Just completed ~80 hours of tutor time and ~3 months of usage on Typemax v1 and wanted to post a snapshot of my progress before making changes to Typemax. Sadly I reset my browser data a few weeks back and forgot that also cleared tutor data. So I have no data on tutor training from 60-80 hrs.
Twiddler Tutor (avg 76 WPM, max: 84 WPM):
I will be making some changes to the config as suggested by AlexBravo, mainly around reducing pinky load. I also want to start training tethered MCCs (untethered MCCs are not fast enough to boost WPM past ~75). Hoping the combination of the two will allow me to hit 85-95 WPM.

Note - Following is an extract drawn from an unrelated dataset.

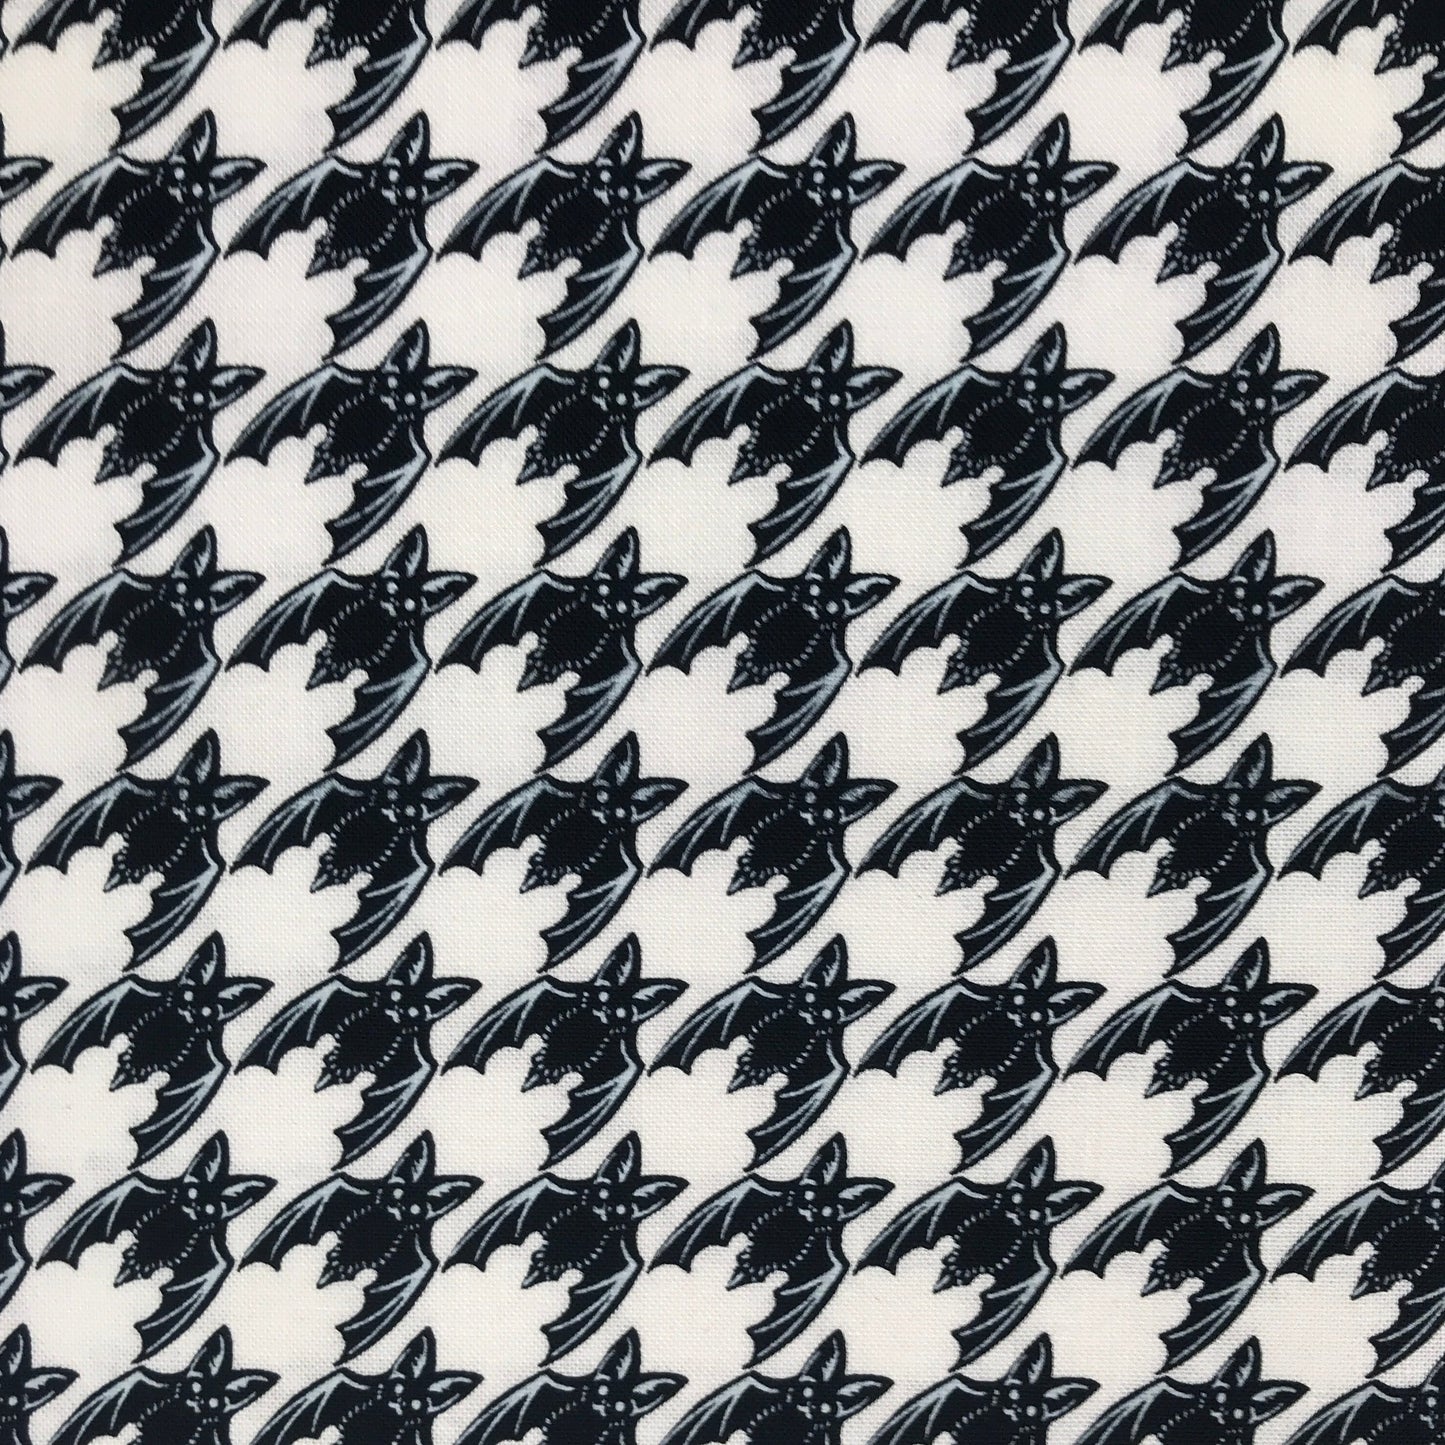 Halloween Hounds Tooth Houndstooth Bat Fabric Fetish

I decided to also demo some other typing tests that I've come to like, since they measure things the tutor doesn't:
Live Chat Typing Speed Test (53 WPM)
I like this one as a small step up in difficulty from tutor since it forces me to fix mistakes using backspace but is still just random lower case words, spaces and no symbols. Forcing me to fix mistakes causes a significant drop in WPM since when I make a mistake in tutor, tutor either stays at the mistyped letter until the correct one is typed (ignoring mistyped letters) OR more insidiously, notices I've typed the next few letters after the mistyped letter and it automatically marks the mistyped letter as a mistake and skips ahead. While this is great for initial training, it greatly exaggerates the average WPM overtime when compared to normal typing.
The Typing Cat Typing Speed Test [50 WPM]
I like this test as the most representative of a true WPM score since it has all the elements of real typing: capital letters, punctuation, some symbols, sometimes numbers and "natural" words occuring as they would in speech or written text (though sentences don't always make sense).
ZType (Lev 16 Score 2093)
My favorite typing game. Its tragic flaw is in not requiring the most commonly typed character, space. While the default mode doesn't have capitals, symbols or numbers, you can get these by loading custom text content.
Finally, I'm proud of these scores but after using my Twiddler part of each workday for quite a few months now, I can say definitively that these speeds aren't representative of my normal Twiddler typing. My normal typing is much slower. Getting this fast requires significant concentration and daily practice. But I think it's a worthy exercise to train for "speed runs" as a way to benchmark configs and versions. When doing speed runs it becomes obvious pretty fast when something in the config is suboptimal. The only downside of speed runs is that it gives new users the wrong impression of what a realistic WPM is for the config. My guess is that my normal typing speed is about ~75% of my speed run WPM (38).